DETAILED DESCRIPTION

[0058] The disclosure will now be described more fully hereinafter with reference to the accompanying drawings, in which certain aspects of the invention are shown. This invention may, however, be embodied in many different forms and should not be construed as limited to the embodiments and aspects set forth herein; rather, these embodiments are provided by way of example so that this disclosure will be thorough and complete, and will fully convey the scope of the invention to those skilled in the art. Like numbers refer to like elements throughout the description.

[0059] It is to be understood that the present disclosure is not limited to the embodiments described herein and illustrated in the drawings; rather, the skilled person will recognize that many changes and modifications may be made within the scope of the appended claims.

[0060] FIGS. 1A and 1B illustrate example vehicles 100 for cargo transport where the techniques disclosed herein can be applied with advantage. FIG. 1A shows a truck supported on wheels 120, 140, and 160, some of which are driven wheels.

[0061] FIG. 1B shows a semitrailer vehicle where a tractor unit 101 tows a trailer unit 102. The front part of the trailer unit 102 is supported by a fifth wheel connection 103, while the rear part of the trailer unit 102 is supported on a set of trailer wheels 180.

[0062] Each wheel, or at least a majority of the wheels, is associated with a respective brake device in the form of a wheel service brake 130, 150, 160. The trailer unit wheel brakes are not indicated in FIGS. 1A-1B. This wheel service brake may, e.g., be a pneumatically actuated disc brake or drum brake. The wheel brakes are controlled by brake controllers.

[0063] Herein, the terms brake controller, brake modulator, and wheel end module will be used interchangeably. These terms are all to be interpreted as a device which controls applied braking force and potentially also local slip control on at least one wheel of the vehicle, such as the vehicle 100. Each one of the wheel brake controllers is communicatively coupled to a control unit 110, allowing the control unit to communicate with the brake controllers, and thereby control vehicle braking. This control unit may potentially comprise a number of sub-units distributed across the vehicle, or it can be a single physical unit. The control unit 110 may, e.g. allocate a required brake force between wheels to maintain vehicle stability, and even to actively modify vehicle dynamics such as understeer gradient. The control unit 110 may also be part of a larger vehicle control system comprising additional control layers, as will be discussed in more detail below in connection to FIG. 2.

[0064] Some of the wheels of the vehicles 100 are driven by a propulsion unit. The propulsion unit may be provided by one or more electrical machines. In other types of arrangement, the propulsion unit may be an internal combustion engine. The propulsion unit is generally an energy converting unit configured to provide a torque.
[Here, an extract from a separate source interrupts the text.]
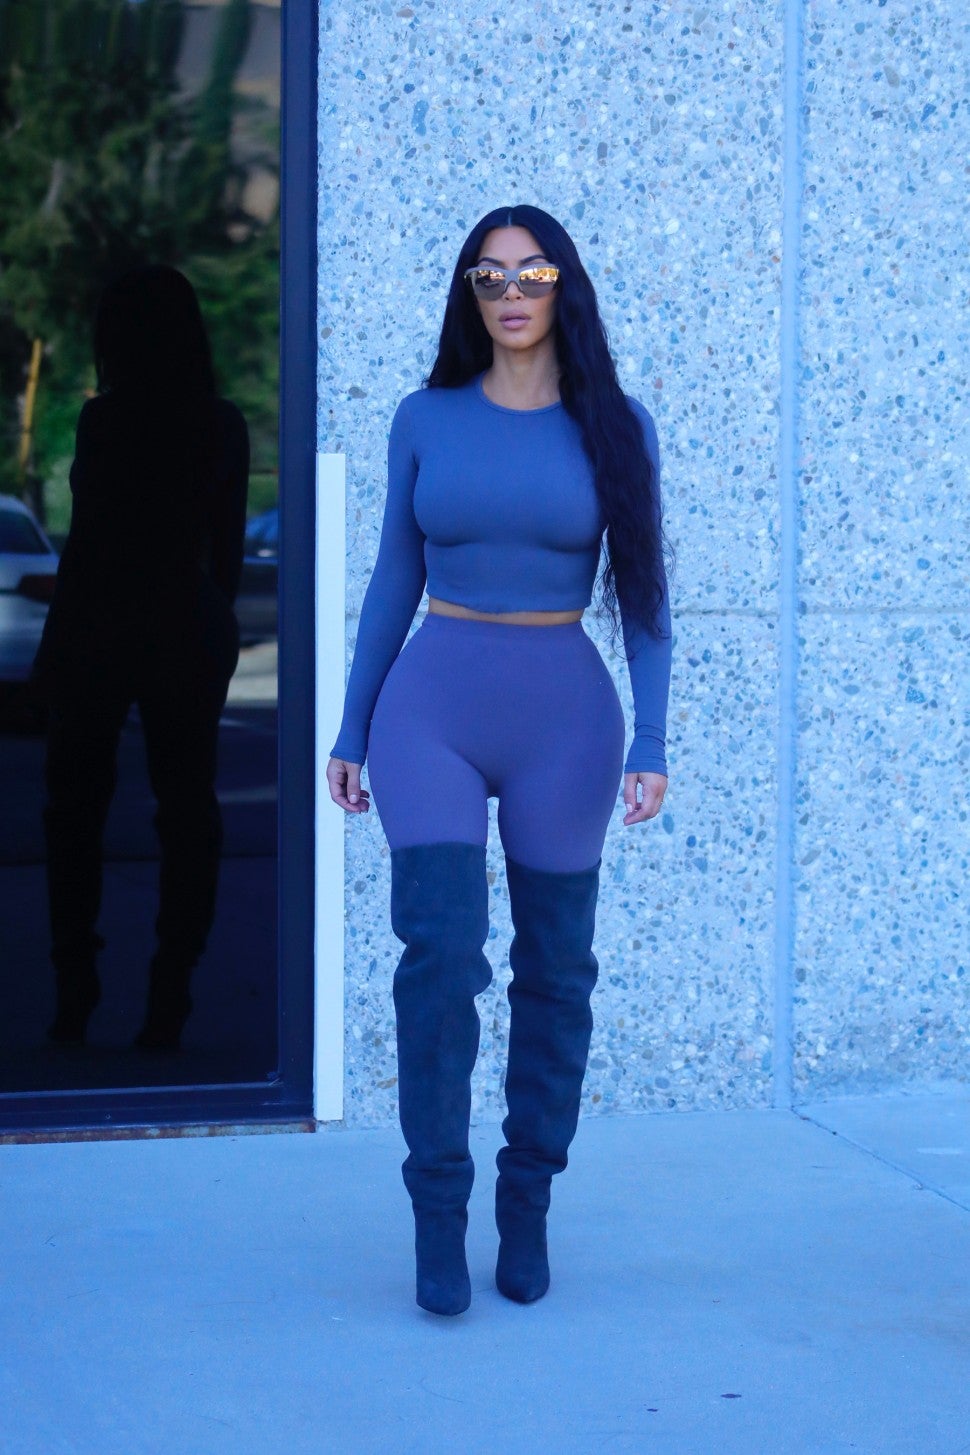 Kim Kardashian in gray spandex outfit

The propulsion unit transfers torque to the wheels via a differential drive arrangement. In other words, some of the wheels of the vehicles 100 are driven by the propulsion unit via the differential drive arrangement. One example of a differential drive arrangement is an open differential. Although the disclosure is mainly focused on open differentials, other forms of differential drive arrangements may also be applicable within the scope of the current discussion.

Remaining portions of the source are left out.